A combining unit configured to combine high-sensitivity short-term voice activity detection, a recent high-specificity audio block or frame feature determination, and state-related information based on a history of one or more previously computed feature determinations, the feature the determination is gathered from a plurality of features determined at a time prior to said most recent high-specificity audio block or frame feature determination time period; and

a decision generator configured to output a decision about the start or end of the audio signal, or a gain related thereto, based on the combination, wherein the status information includes a nuisance level associated with the audio signal, the The nuisance level indicates the possibility of a nuisance state at the current block or frame, wherein if the current block or frame is the last block or frame of the current speech segment and the speech ratio of the immediately preceding block or frame is less than the nuisance threshold, then increasing said nuisance level at a first rate, said speech ratio representing a prediction made at the time of said current block or frame about the likelihood that a next block or frame will contain speech, and

reducing the nuisance level at a second rate faster than the first rate if:

said current block or frame is within said current speech segment,

15. The apparatus of claim 14, wherein the combining unit is further configured to combine one or more signals or determinations related to a feature, the feature comprising a currently or previously processed feature of the audio signal.

16. The apparatus of claim 14, wherein the state relates to one or more of a nuisance characteristic or a ratio of speech content in the audio signal to the total audio content of the audio signal.

17. The apparatus of claim 14, wherein the combining unit is further configured to combine information related to a remote device or an audio environment that is communicatively coupled to the apparatus.

18. The device of claim 14, further comprising a nuisance estimator configured to:

The nuisance signature is measured based on undesired signal segment inference.

19. The apparatus of claim 18, wherein the measured nuisance characteristic is varied.
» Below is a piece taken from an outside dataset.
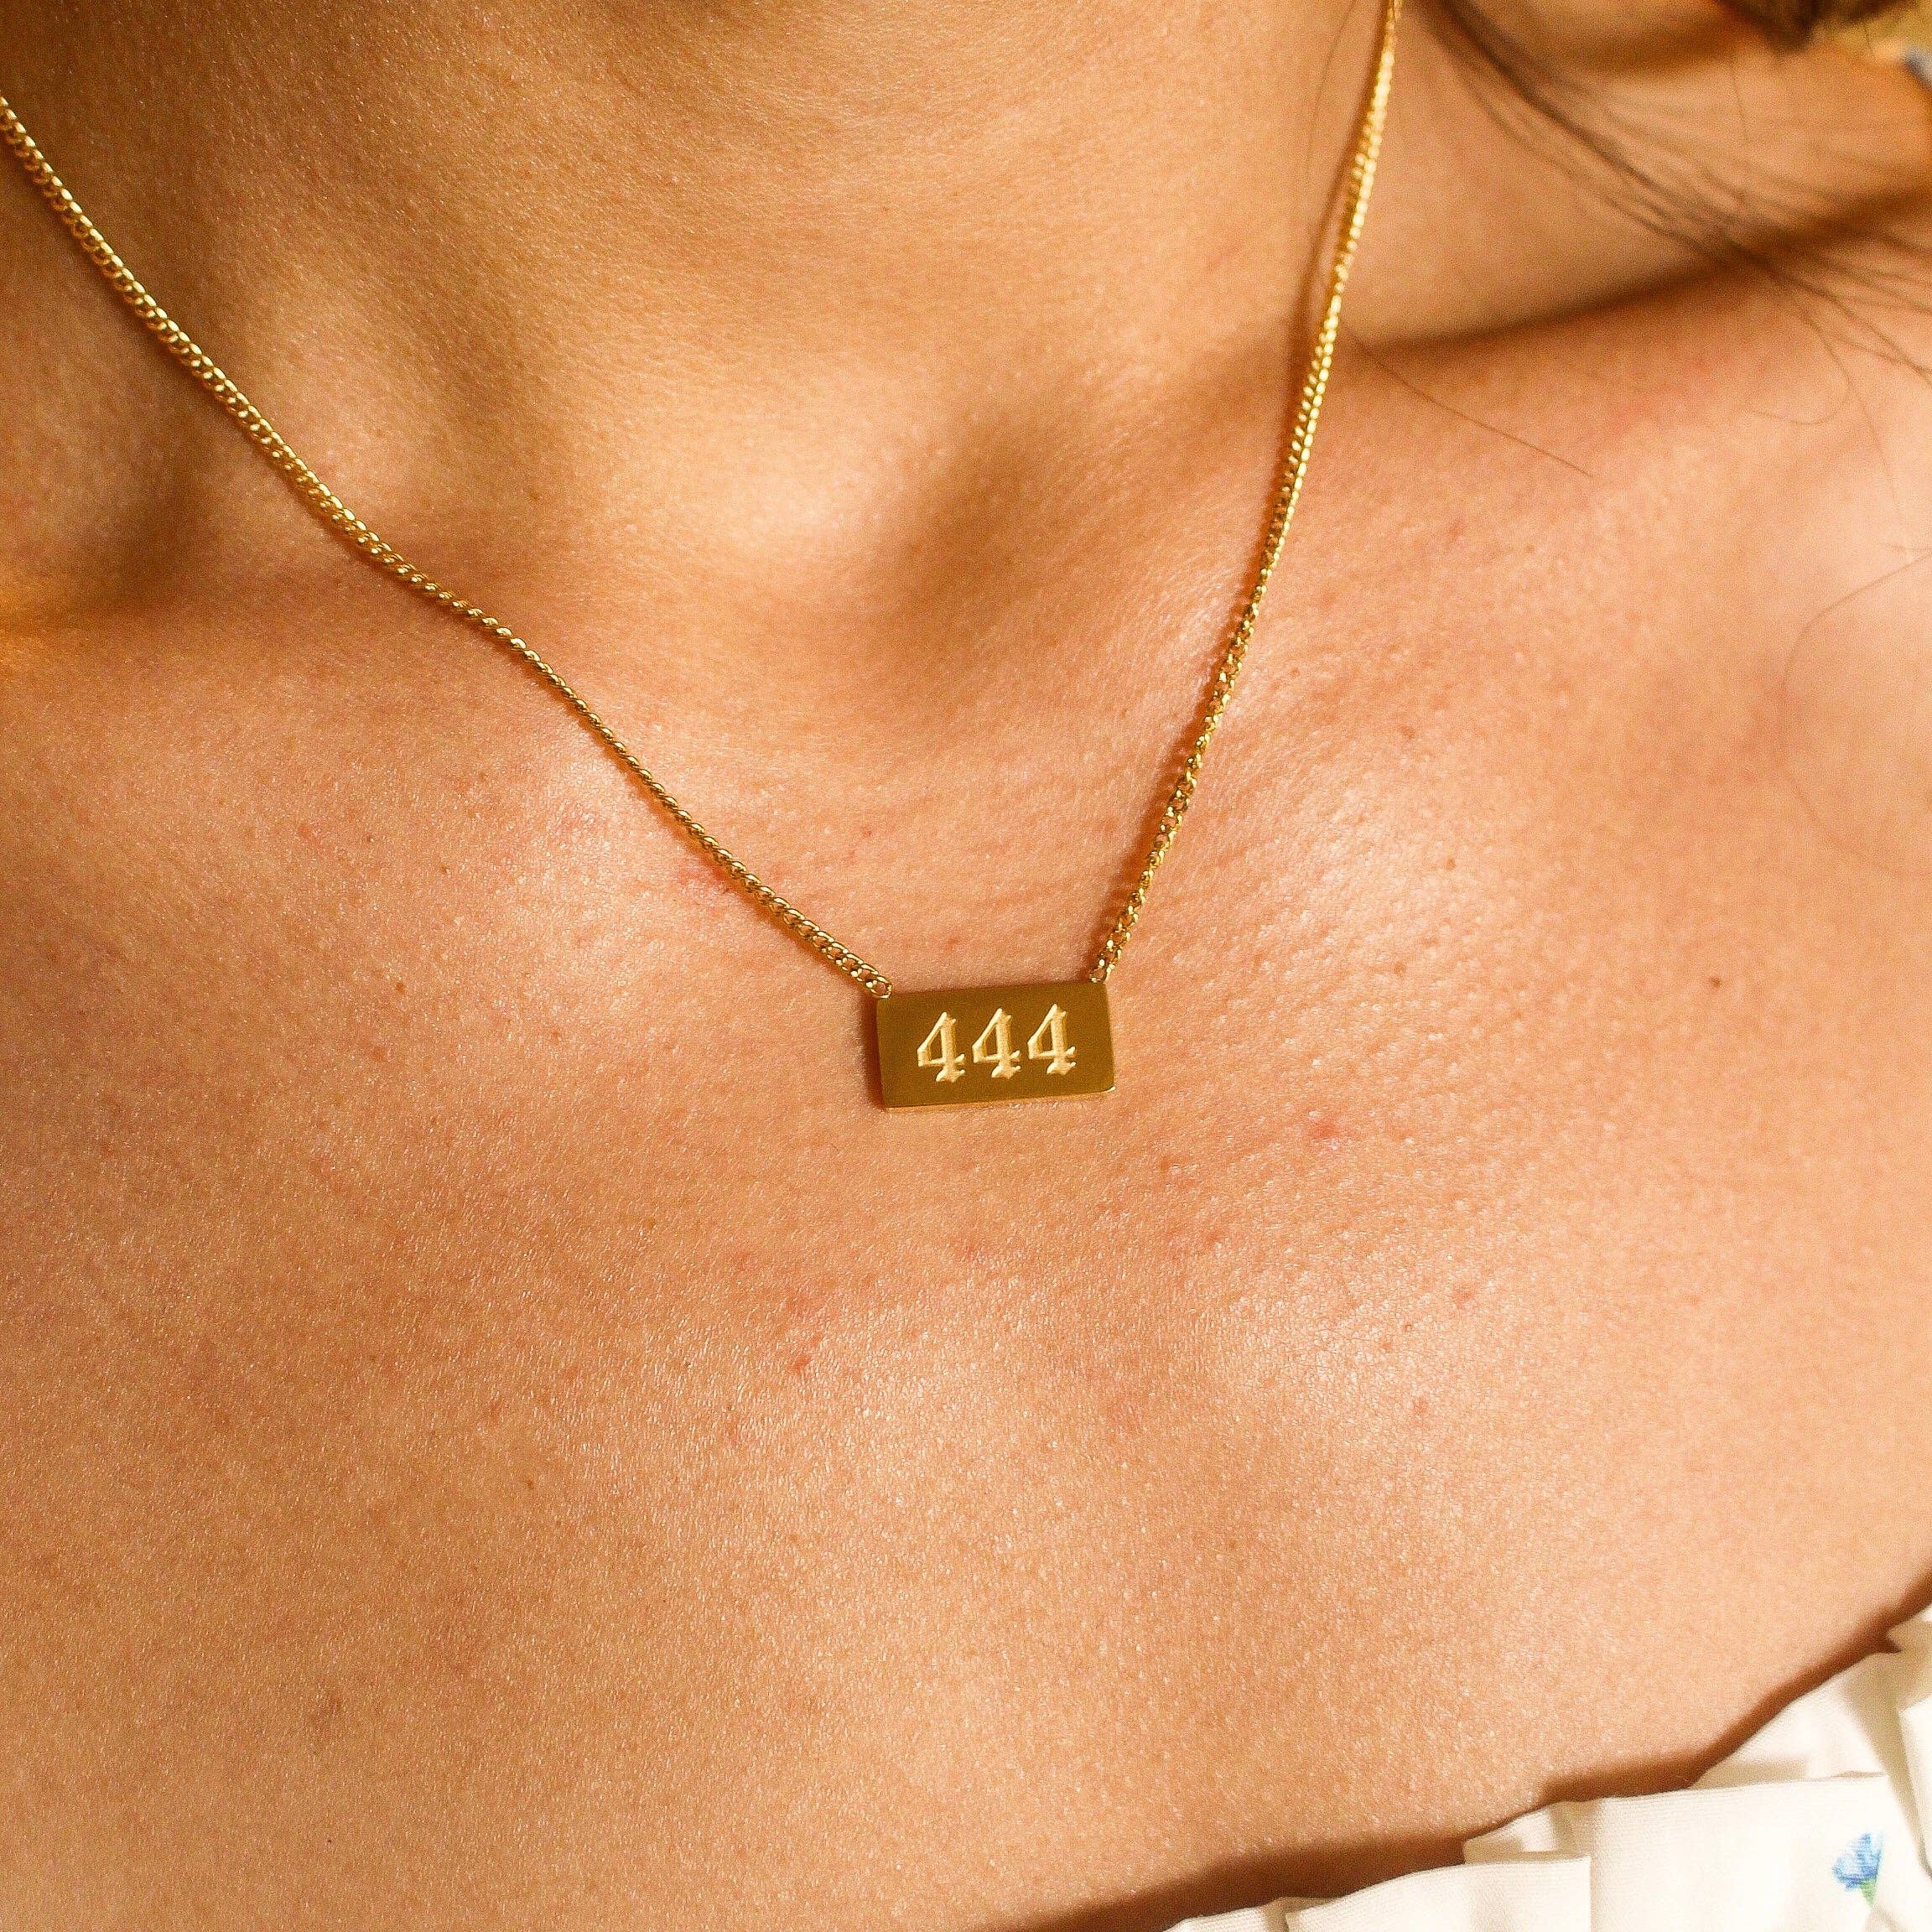 Fran's Hause - Numerology Inspired Pendant Necklace

20. The apparatus of claim 19, wherein the measured nuisance characteristic varies monotonically.

21. Apparatus as claimed in claim 18, 19 or 20, wherein said highly specific previous audio block or frame feature determination comprises one or more of a ratio or dominance of desired speech content over undesired temporal signal segments Multiple.

22. A device as claimed in claim 18, 19 or 20, further comprising a first calculation unit configured to calculate movement statistics relating to the ratio or dominance of desired speech content over said undesired temporal signal segments.

23. The device of claim 18 , further comprising a second computing unit configured to determine one or more features that identify an aggregate of two or more previously processed sequential audio blocks or frames. the disturbing characteristics of

24. The device of claim 14, further comprising a first controller configured to:

control gain application; and

25. The device of claim 24, wherein

said smooth desired time audio signal segment start includes a crescendo; and

The smooth desired time audio signal segment termination includes a fade-out.

26. An apparatus as claimed in claim 16 or 20, further comprising a second controller configured to control the gain level based on the measured nuisance characteristic.